Blind gegenüber der Warnung, der Präzedenzfall könnte auch einmal sie selbst treffen, sollten sich die Mehrheitsverhältnisse im Kongress ändern, betrachtet die republikanische Führung im Kongress das Filibuster als ein Hindernis auf dem Weg zu uneingeschränkter Macht. Die seit den Gründungstagen bestehende Regel war jedoch als Instrument gedacht, der Minderheit ein Mitspracherecht einzuräumen.

Die Republikaner, die einst 70 von Bill Clinton vorgeschlagene Richter verhinderten, werfen der Opposition vor, dieses Instrument zu missbrauchen. Der Tonfall der Debatte zielt weit unter die Gürtellinie. So bezichtigt der republikanische Fraktionschef Bill Frist die Demokraten, „die nominierten Richter töten und vernichten zu wollen“.

Der Grund, warum der Streit um die Besetzung von Bundesrichterpositionen so eskaliert ist: Viele brisante Fragen werden nicht mehr vom Parlament, sondern von Gerichten entschieden. Beide Parteien betrachten das Justizsystem daher als erste Frontlinie im Kulturkampf um Themen wie Abtreibung, Sterbehilfe oder Home-Ehe.

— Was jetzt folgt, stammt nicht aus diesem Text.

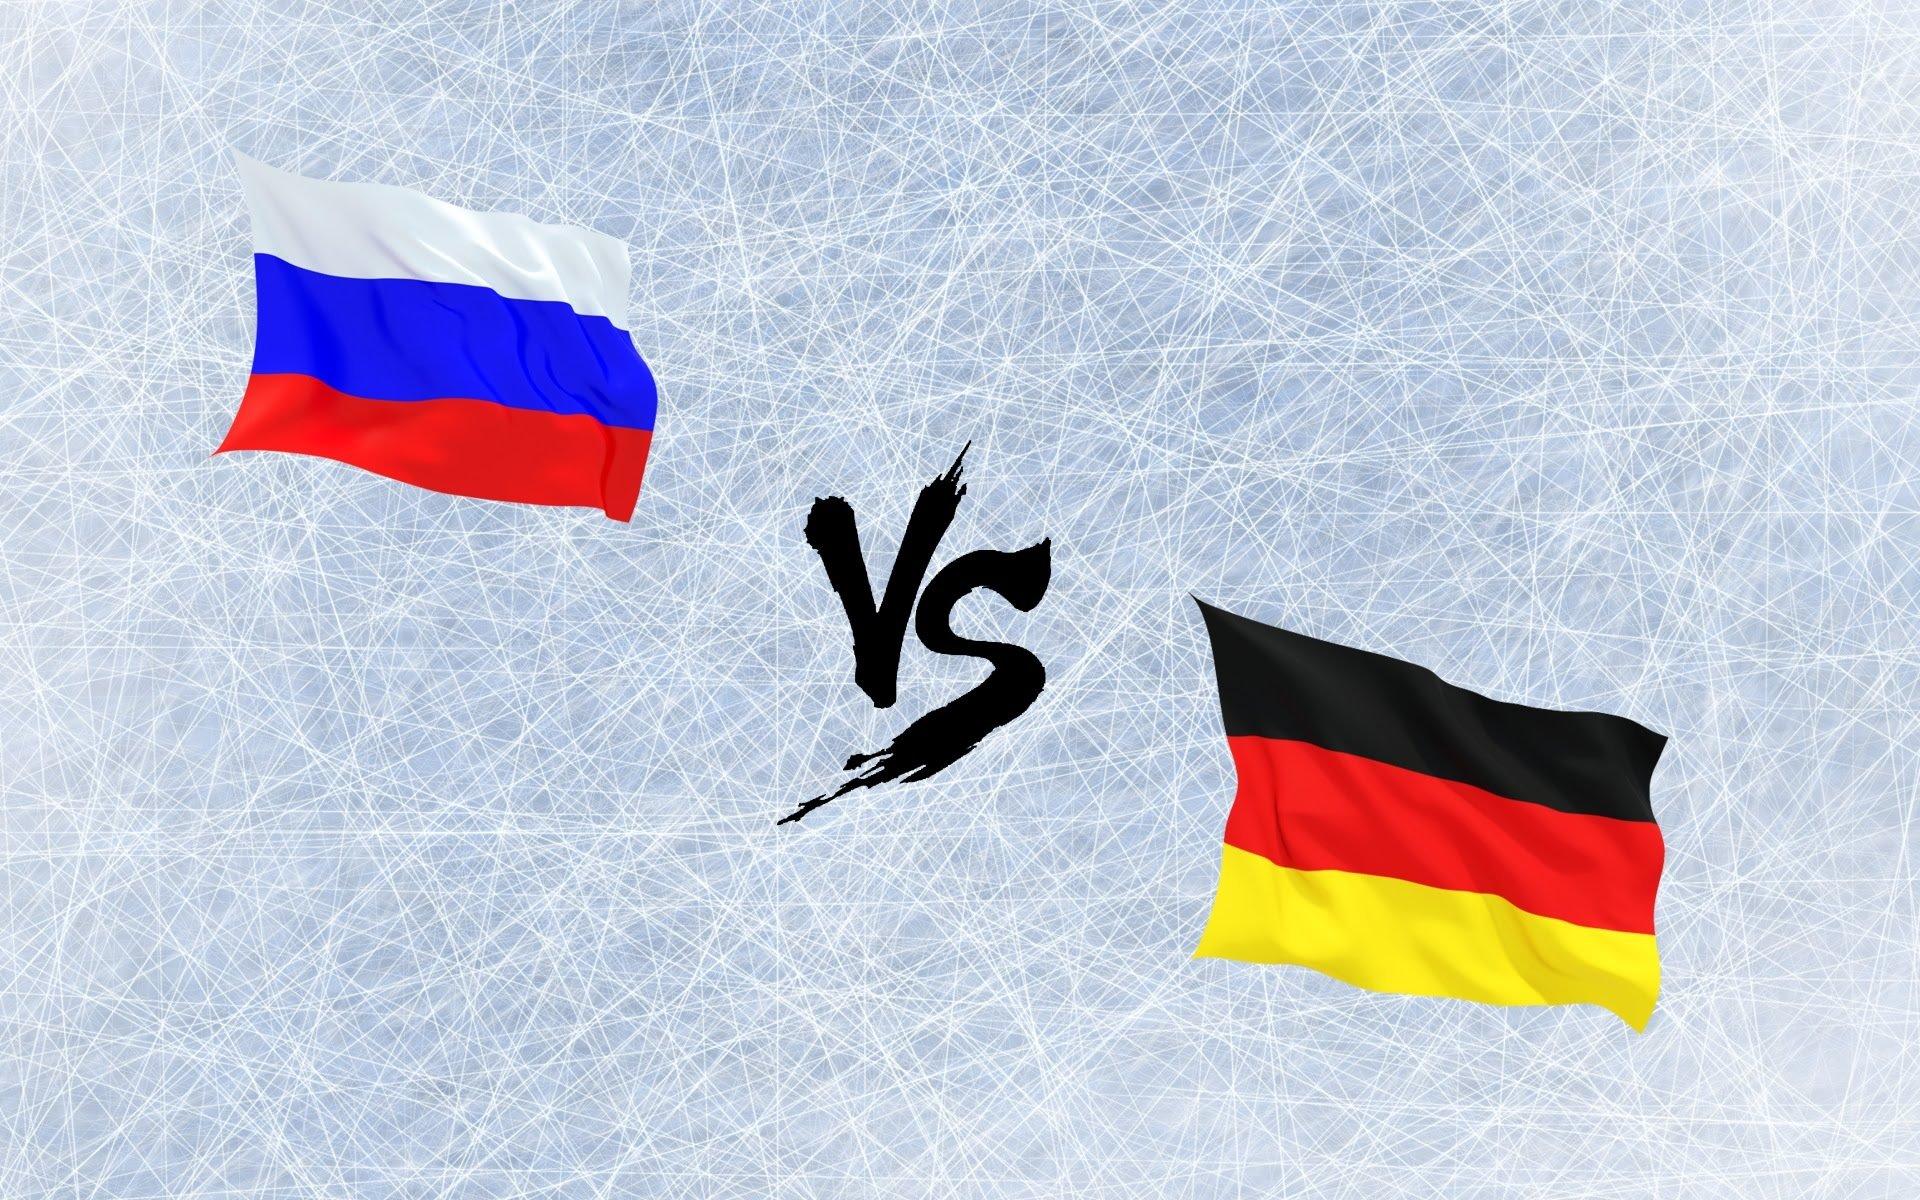 Россия, Германия, Дипломаты, Высылка, Нота протеста, Кризис.

Zwar suchen moderate Senatoren aus beiden Lagern seit Tagen einen Kompromiss, um den Showdown zu verhindern – bislang jedoch ohne Erfolg. Beide Parteiführungen stehen unter massivem Druck ihrer einflussreichsten Wählergruppen, keine Schwäche zu zeigen.

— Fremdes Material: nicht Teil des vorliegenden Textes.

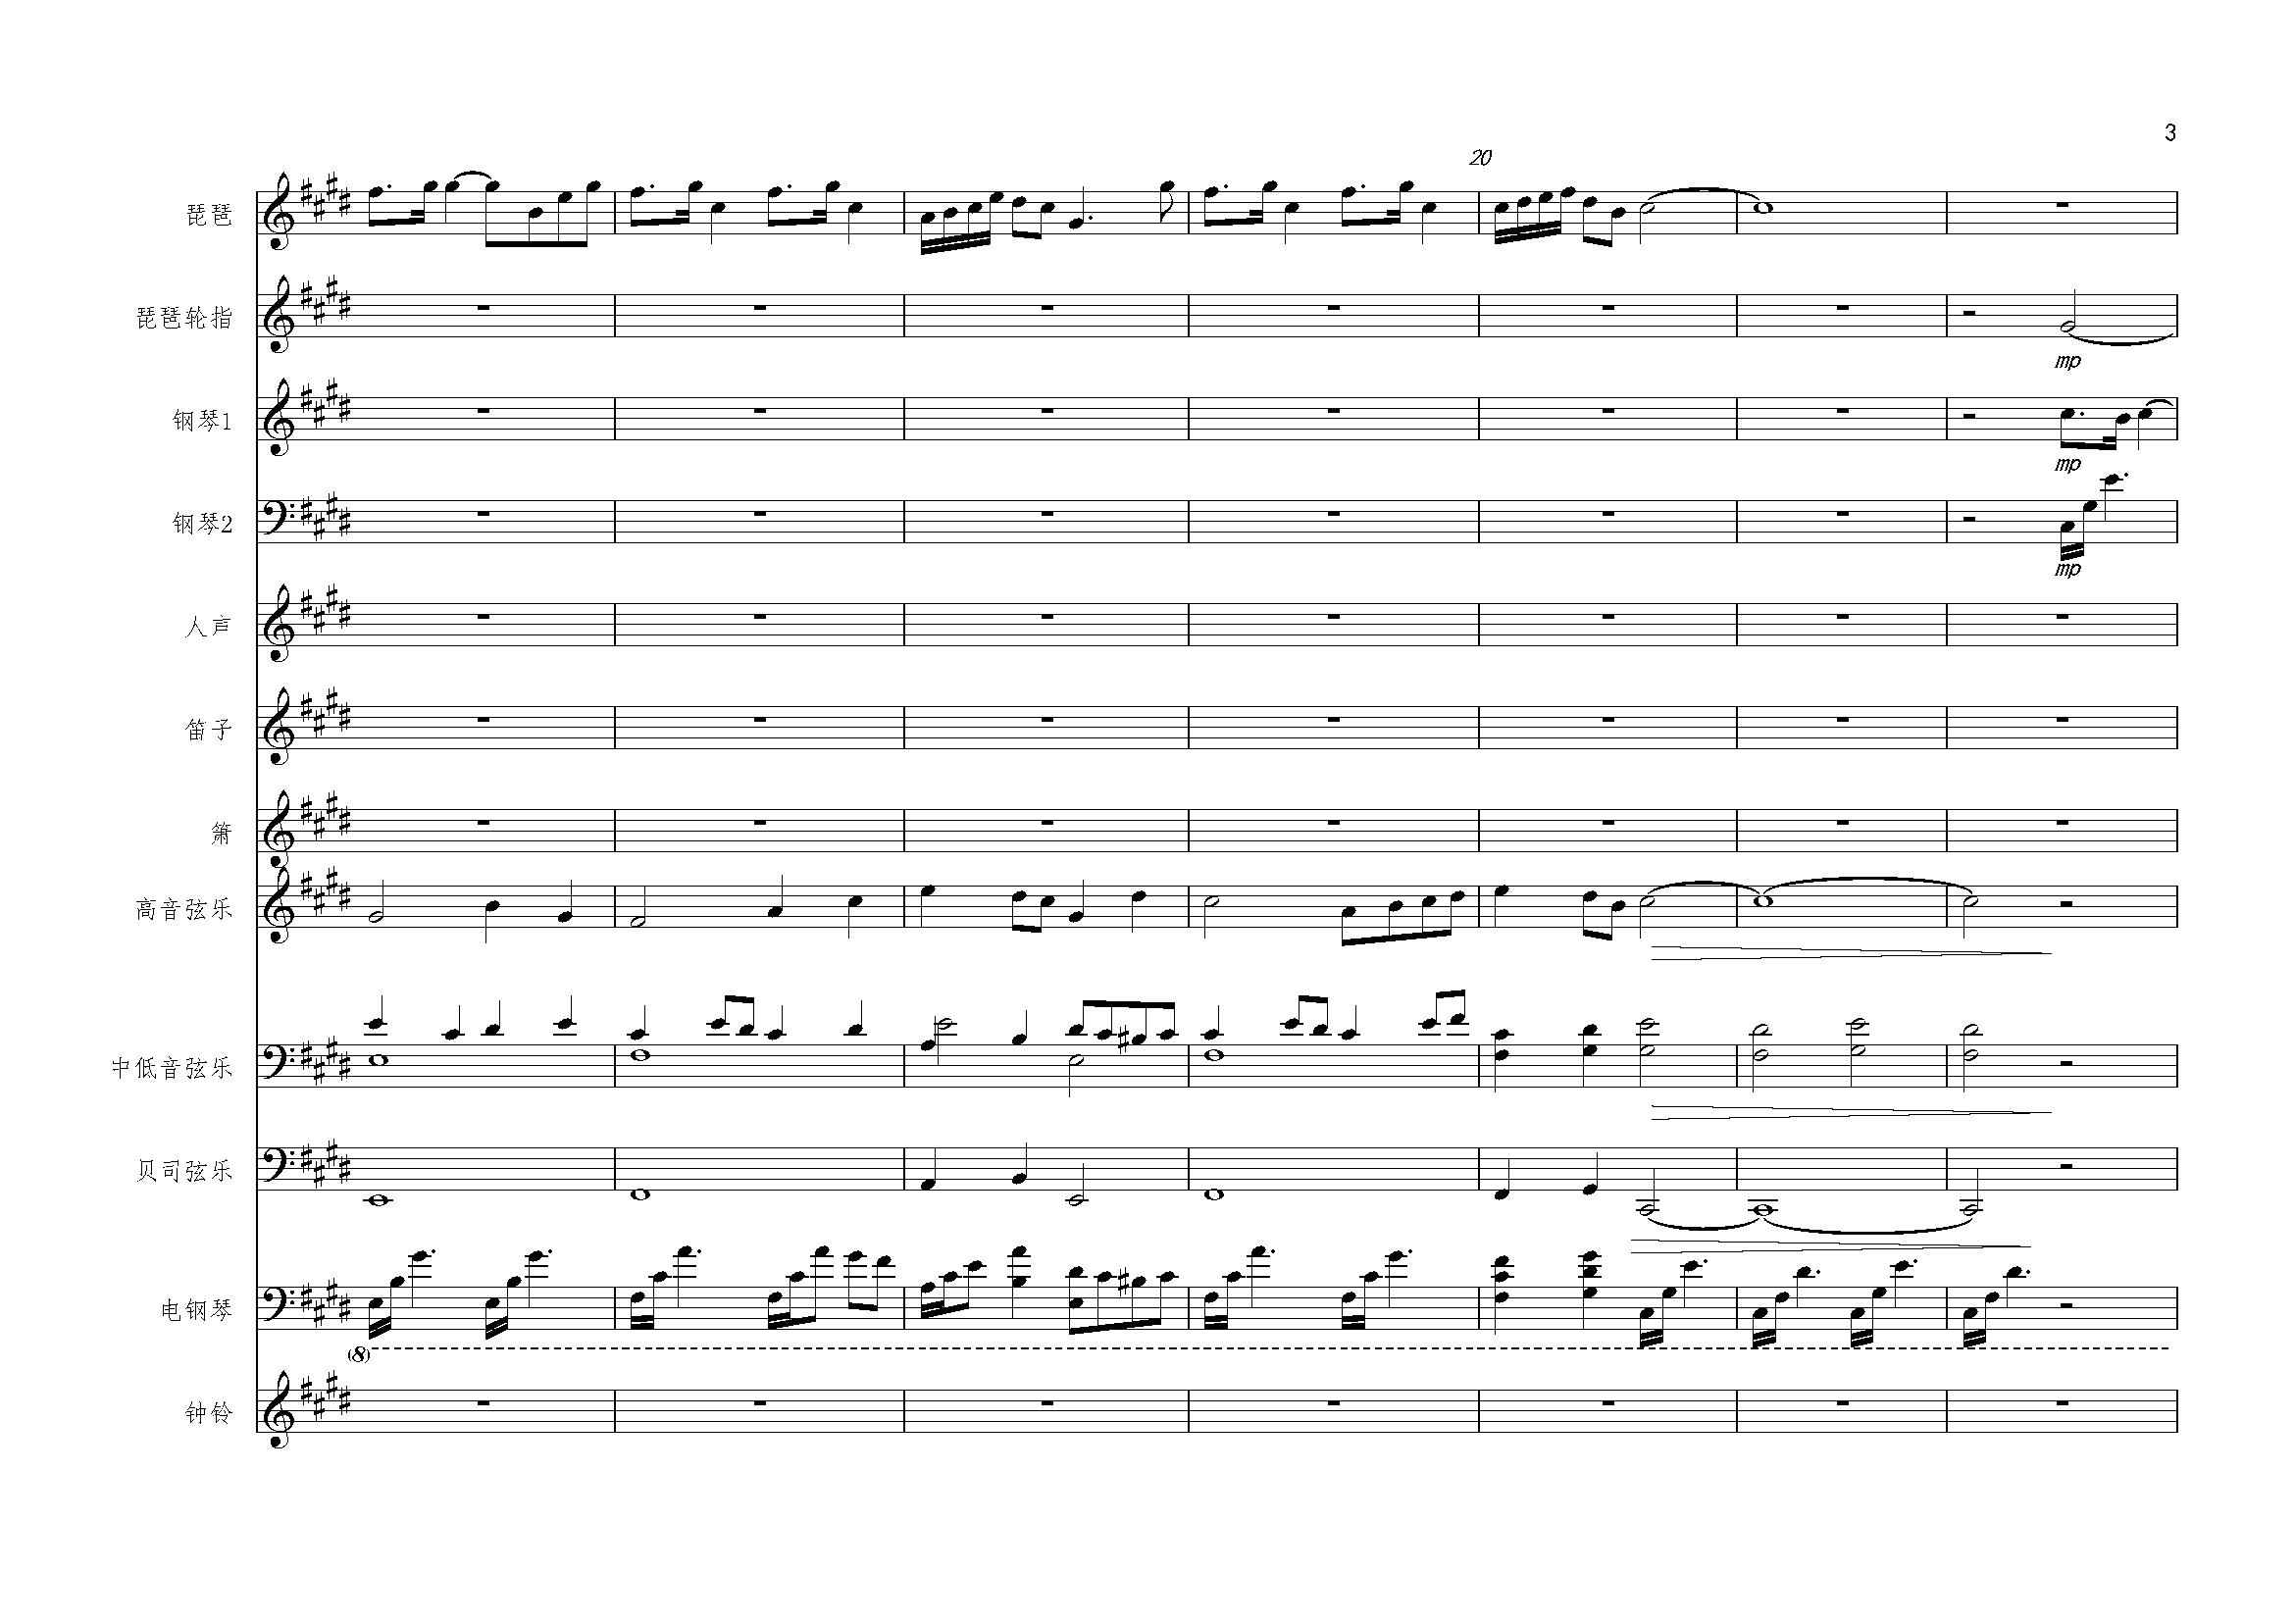 琵琶语钢琴谱 第3页

Aus dem Weißen Haus kommen ebenfalls keine Signale zum Einlenken. Bush nimmt in Kauf, dass Vorhaben wie die Reform der Rentenversicherung vollends blockiert werden. Er scheint bereit, diesen Preis zu zahlen, um ein höheres Ziel zu erreichen: konservative Richter auf demnächst im Obersten Gerichtshof vakant werdenden Posten durchzusetzen. Diese könnten die Balance zu Gunsten der Konservativen kippen und die politische Landschaft in den USA auf Jahrzehnte beeinflussen.